= Joseph Bardsley =

Anglican clergyman (1825–1896)

The Venerable Archdeacon Joseph Bardsley M.A., D.D. (8 February 1825 - 23 June 1896) was an Anglican clergyman.

Born at Waterhead, near Oldham, Lancashire, a younger brother of James Bardsley who became an honorary canon of Manchester Cathedral, in 1845 he entered Queen's College, Cambridge. He graduated with a B.A. degree in 1849 and was ordained a deacon in the same year, and as a priest in 1850. His first post was a curate in Burnley, Lancashire. In 1852 he became the clerical superintendent of the Liverpool Church of England Scripture Readers Society, and in 1857 became the incumbent of the parish of St Silas, Liverpool.
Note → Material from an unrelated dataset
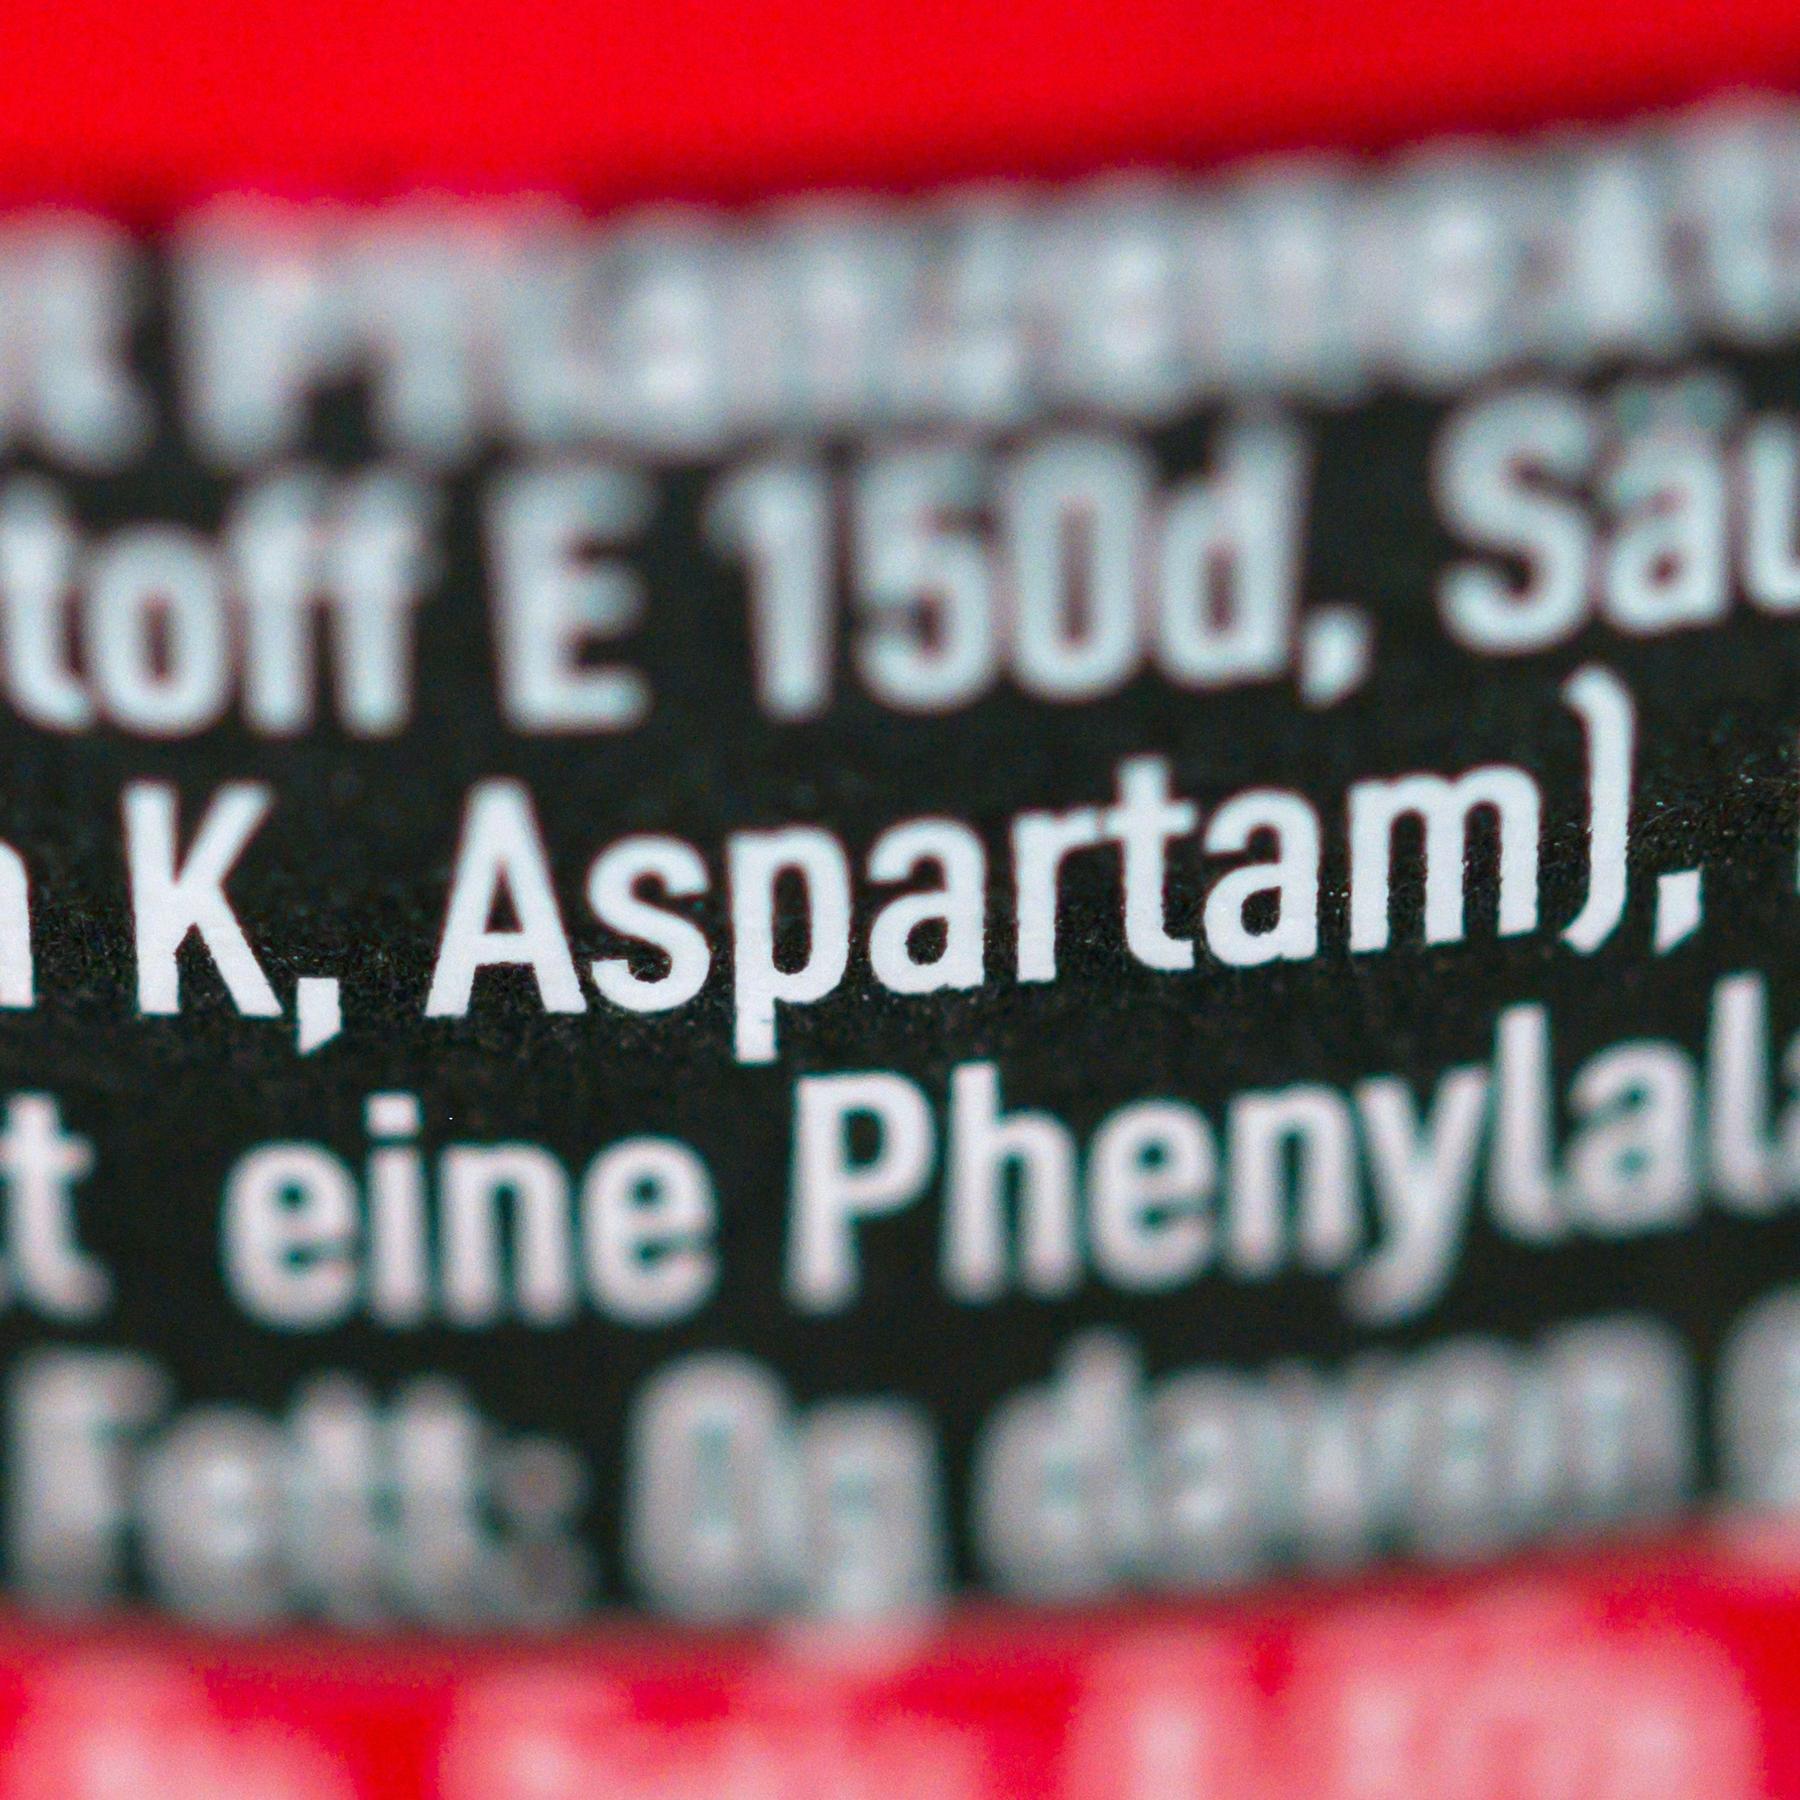 Krebsrisiko durch Aspartam? - Wie die IARC das Süßungsmittel einstuft
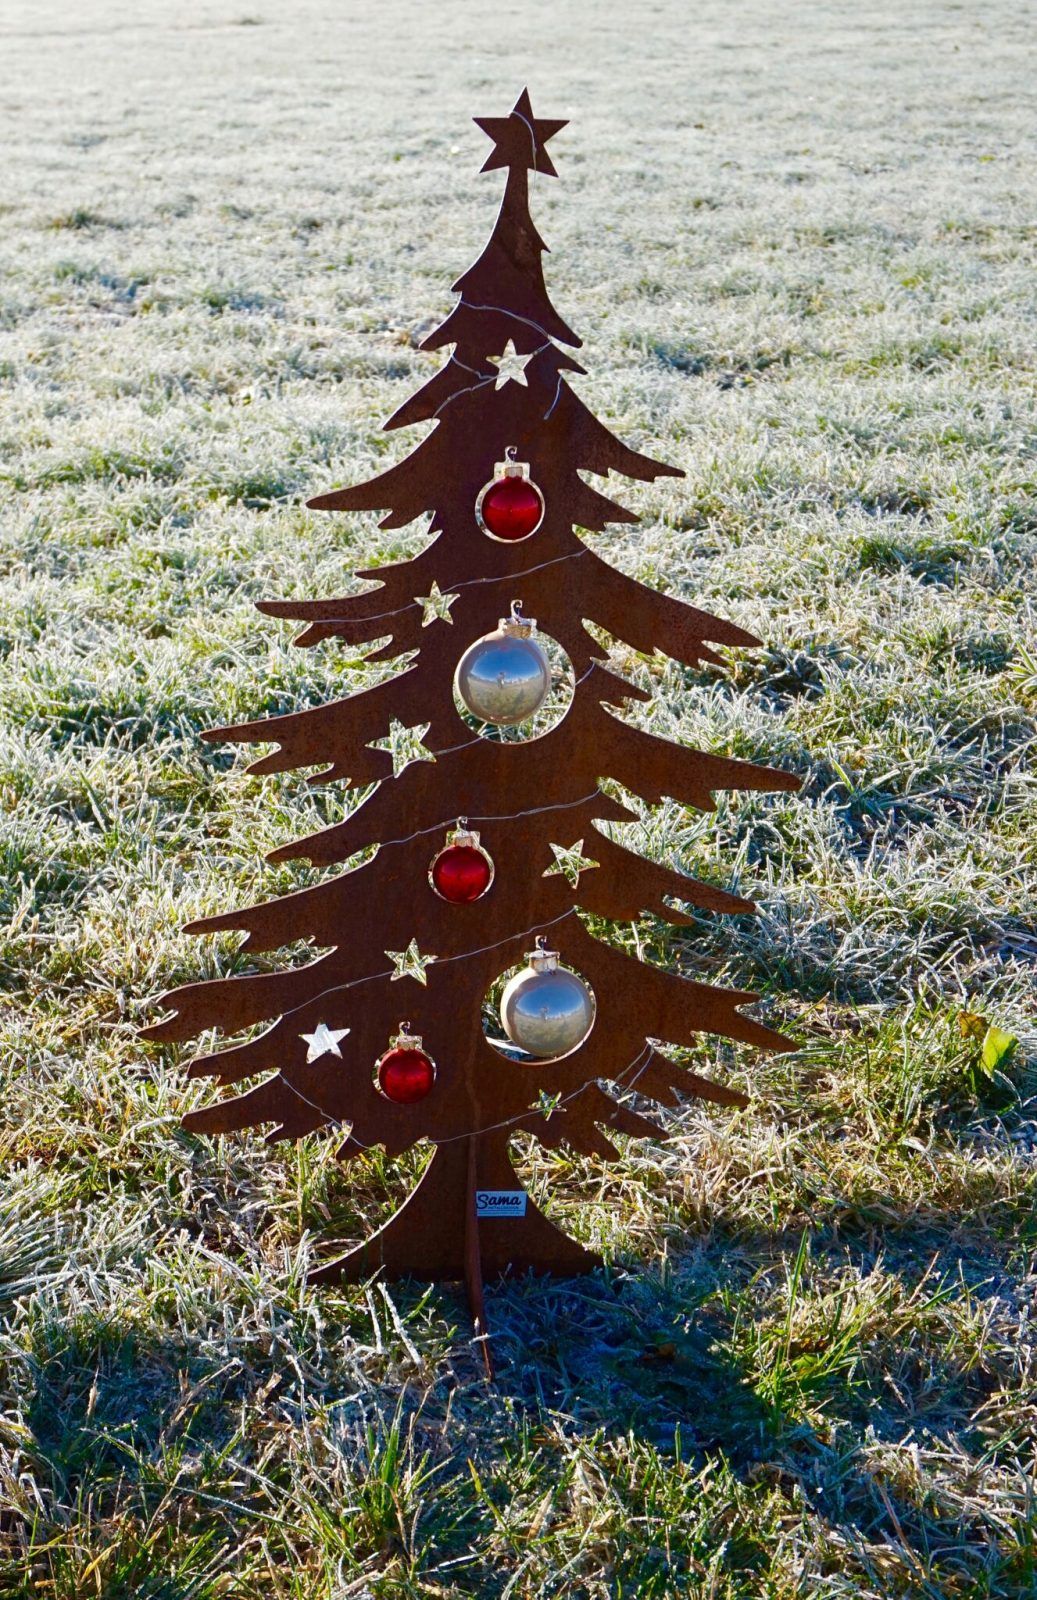 Gartendeko Schnecke Best Of Weihnachtsbaum In Rostoptik Absolut Stabil In Deutschland

In 1860 he accepted an invitation from the Bishop of London to become the secretary of the London Diocesan Home Mission, and moved to the capital. From 1869 to 1880 he was rector of Stepney, a deprived East End parish. He was well known in the area for his charitable and educational activities. In 1873 he was elected to the London School Board as one of the representatives of Tower Hamlets. In 1874 a new Diocese of Ballarat, Victoria, Australia was created, and Bardsley was approached to become the first bishop of the see, but declined. He was elected to a second term on the school board in 1876, retiring at the 1879 election.

In 1880 he was appointed vicar of Bradford in Yorkshire. In 1893 he was appointed Archdeacon of Craven and in 1895 residentiary Canon of Ripon. He died suddenly in Bradford in June 1896, aged 71.